Directions for this task - Images in the data are to be skipped, while every line is restated exactly as written.

Given data -
= Beginning of Section =

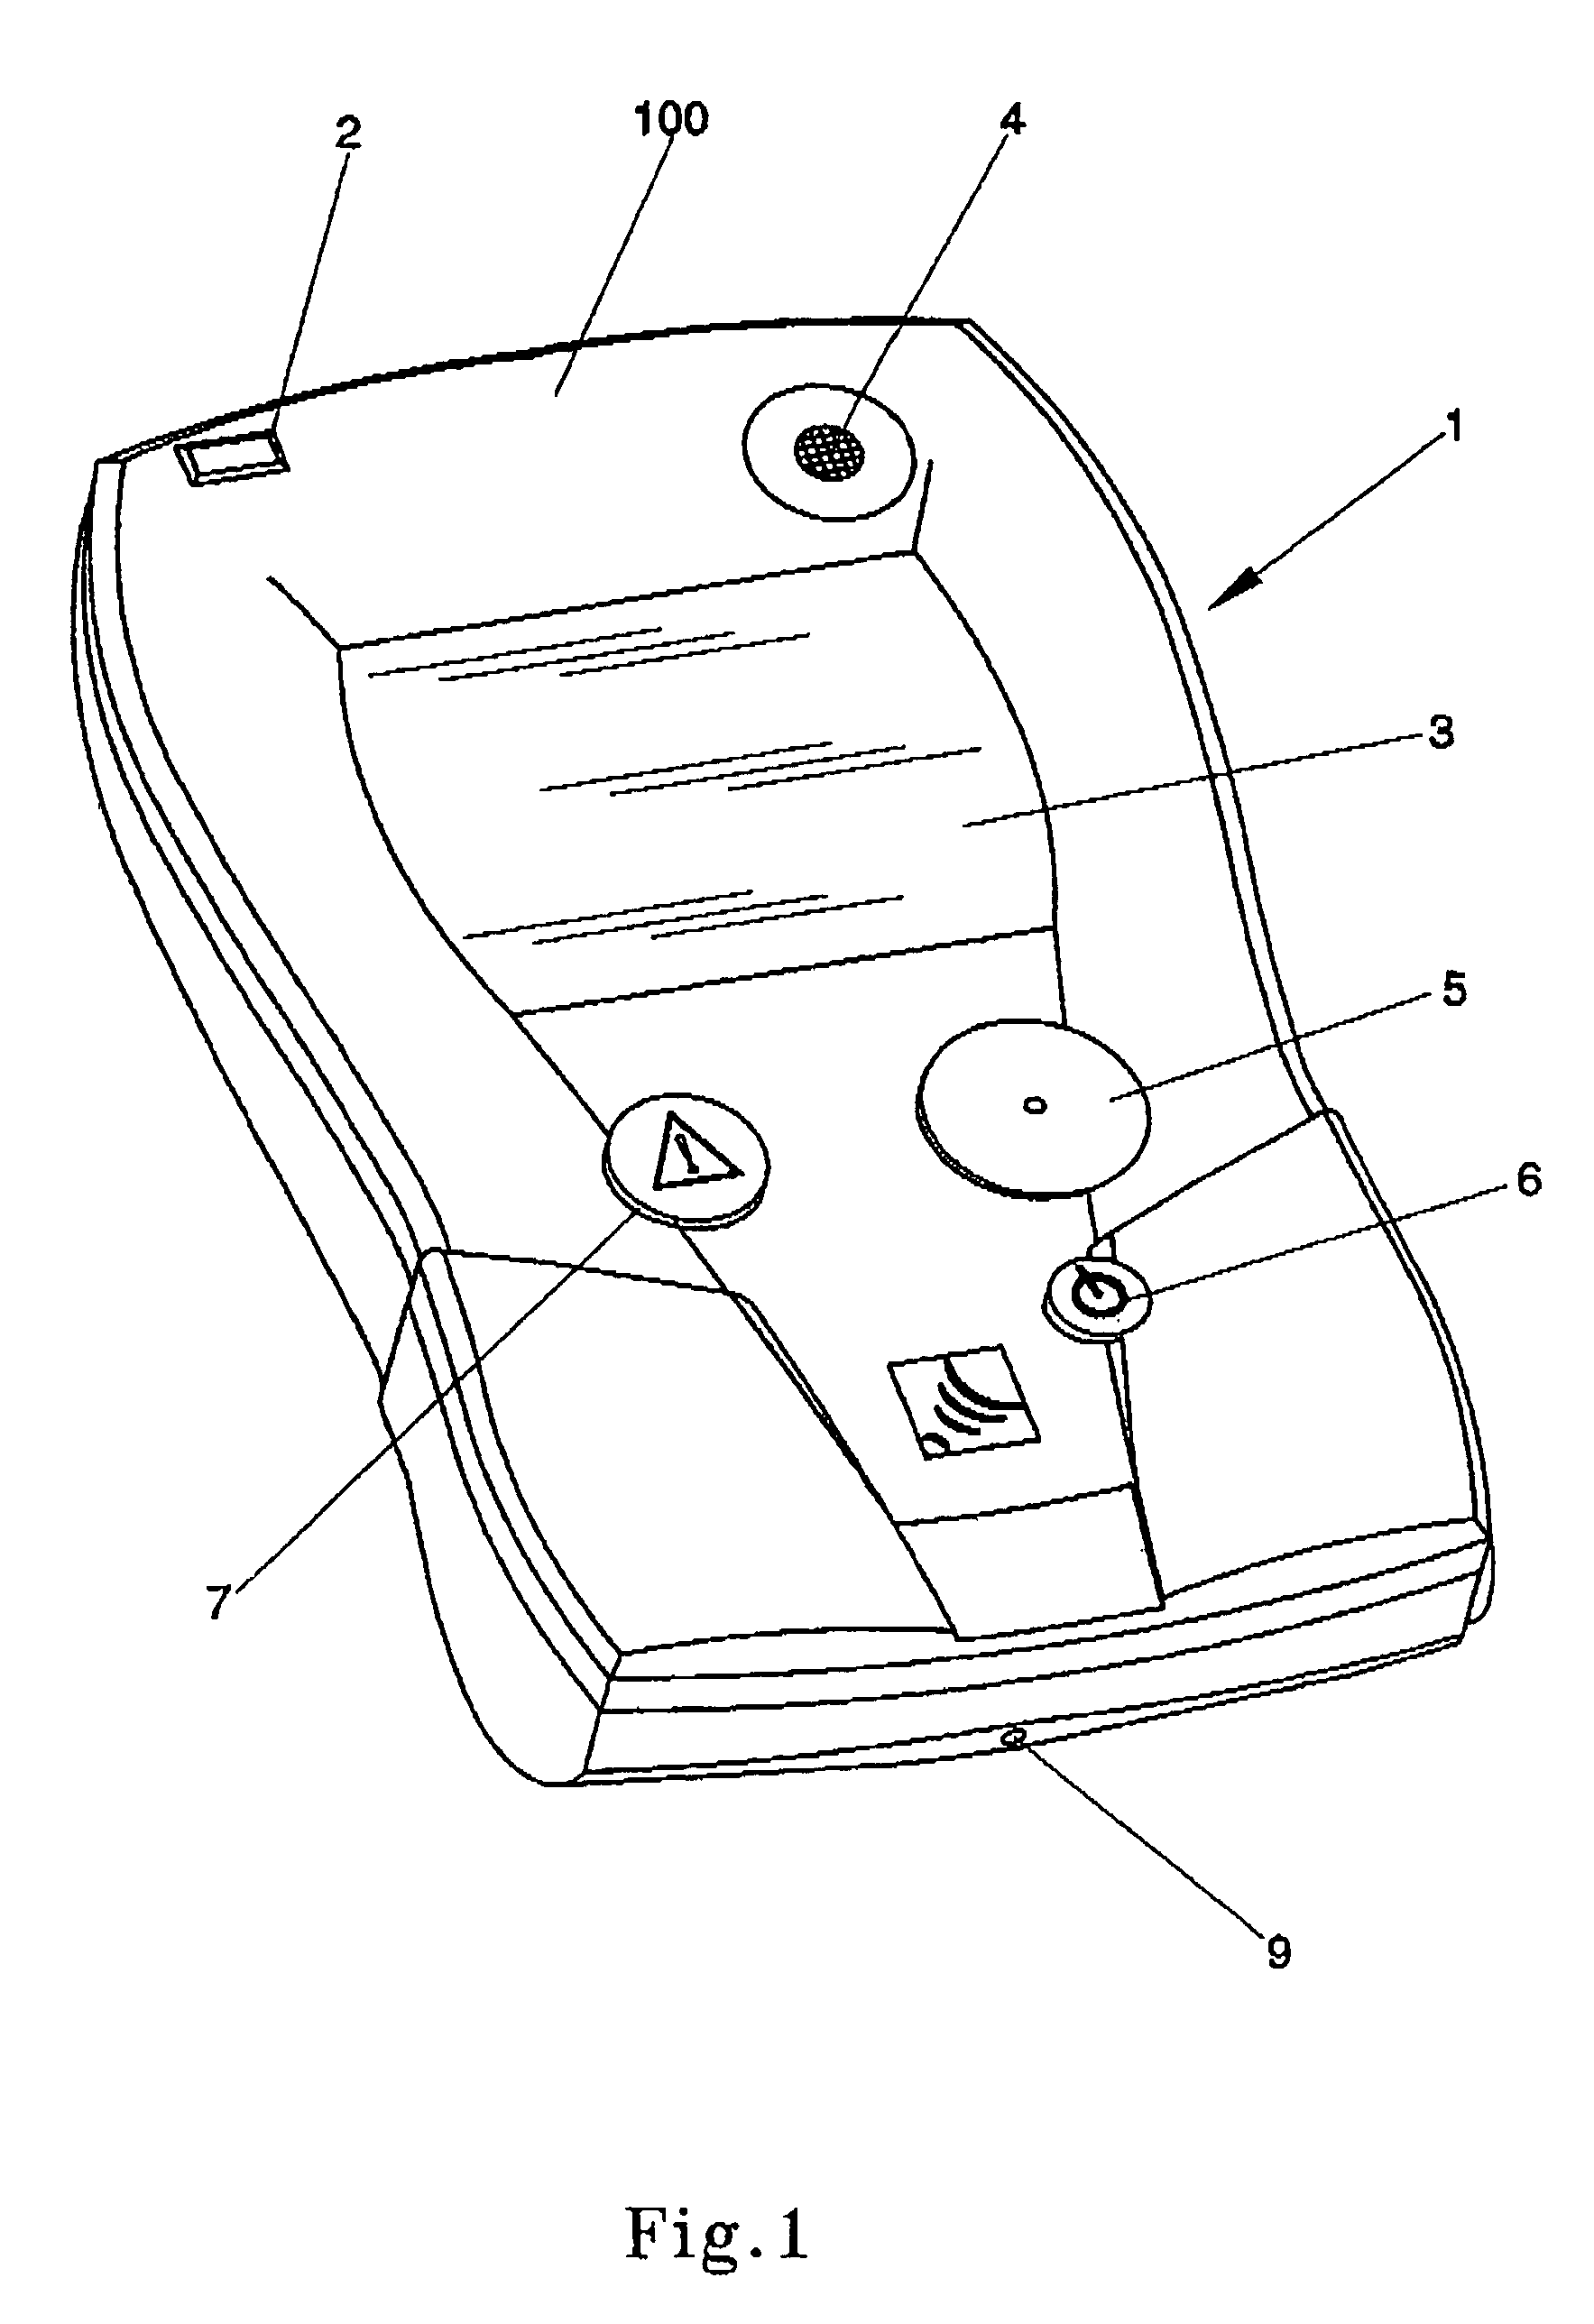 Personal noise monitoring apparatus and method
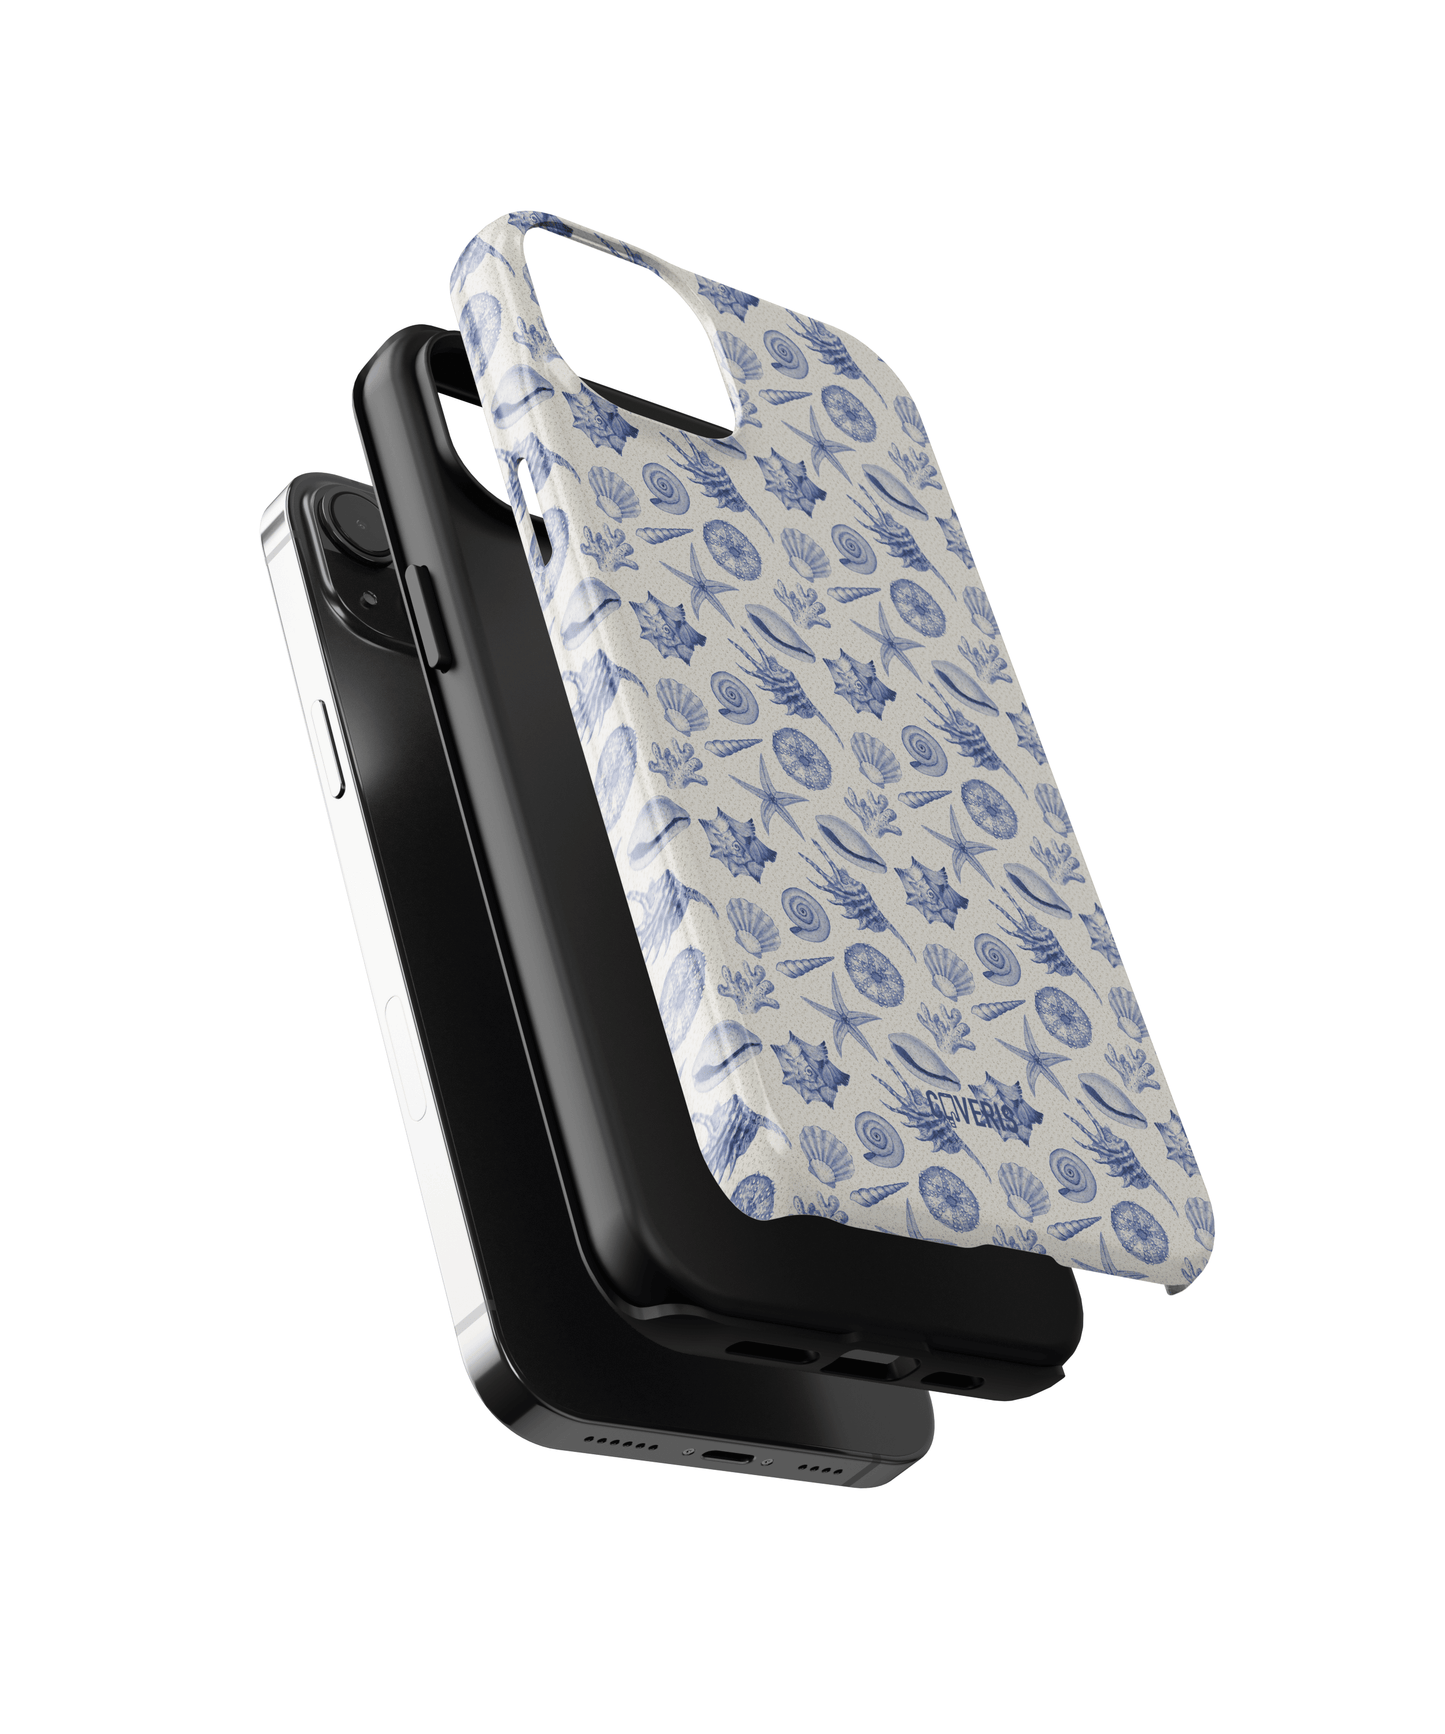 Shelluxe - iPhone 13 Pro max phone case
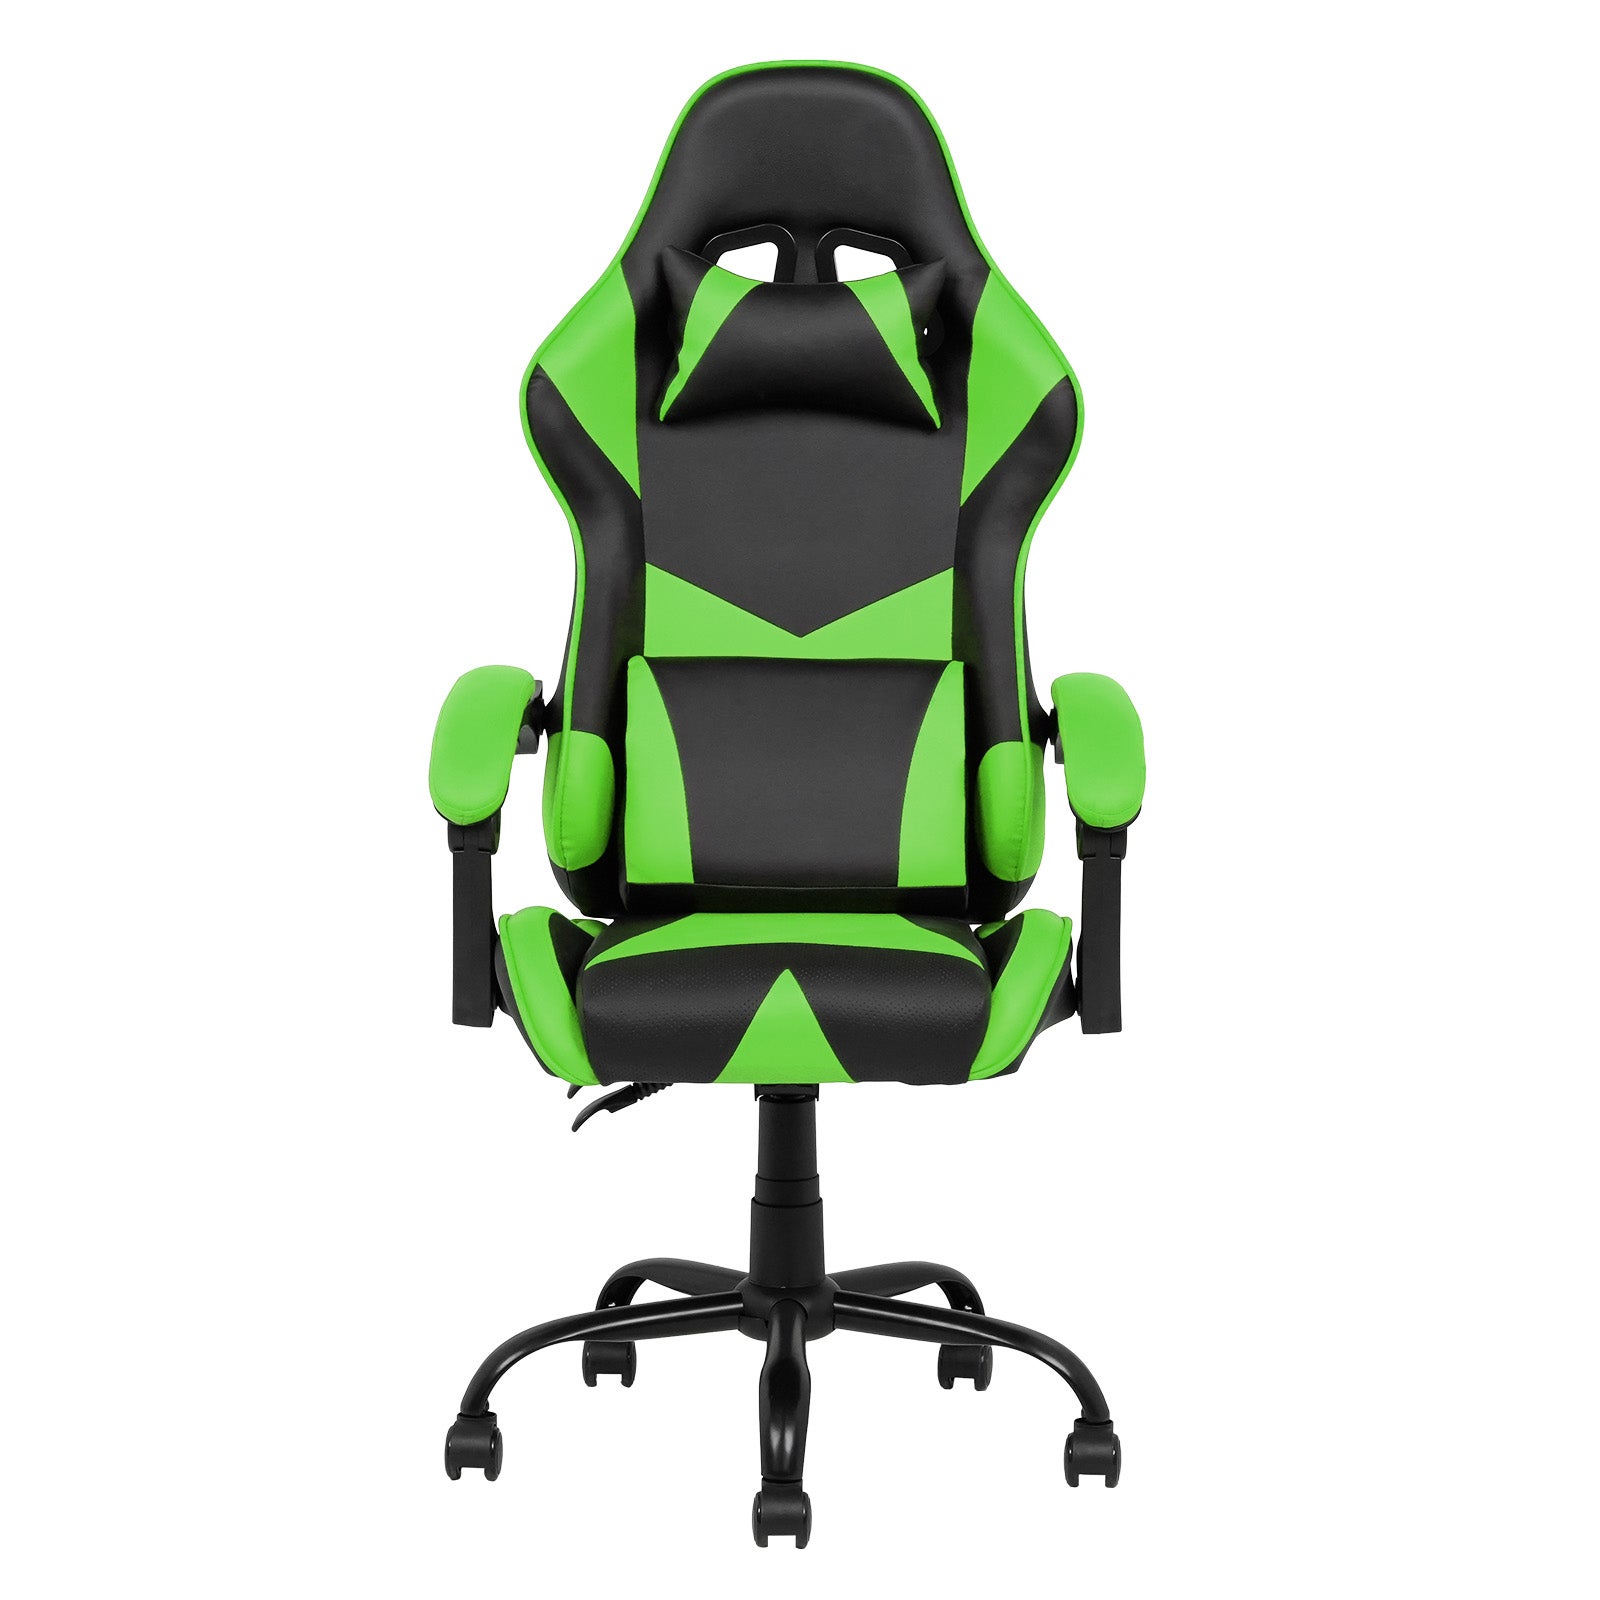 Advwin Gaming Chair Racing Recliner Ergonomic Office Chair Reclining Executive Computer Seat Green

= End of Section =

Result -
 Personal noise monitoring apparatus and method
 Shelluxe - iPhone 13 Pro max phone case
 Advwin Gaming Chair Racing Recliner Ergonomic Office Chair Reclining Executive Computer Seat Green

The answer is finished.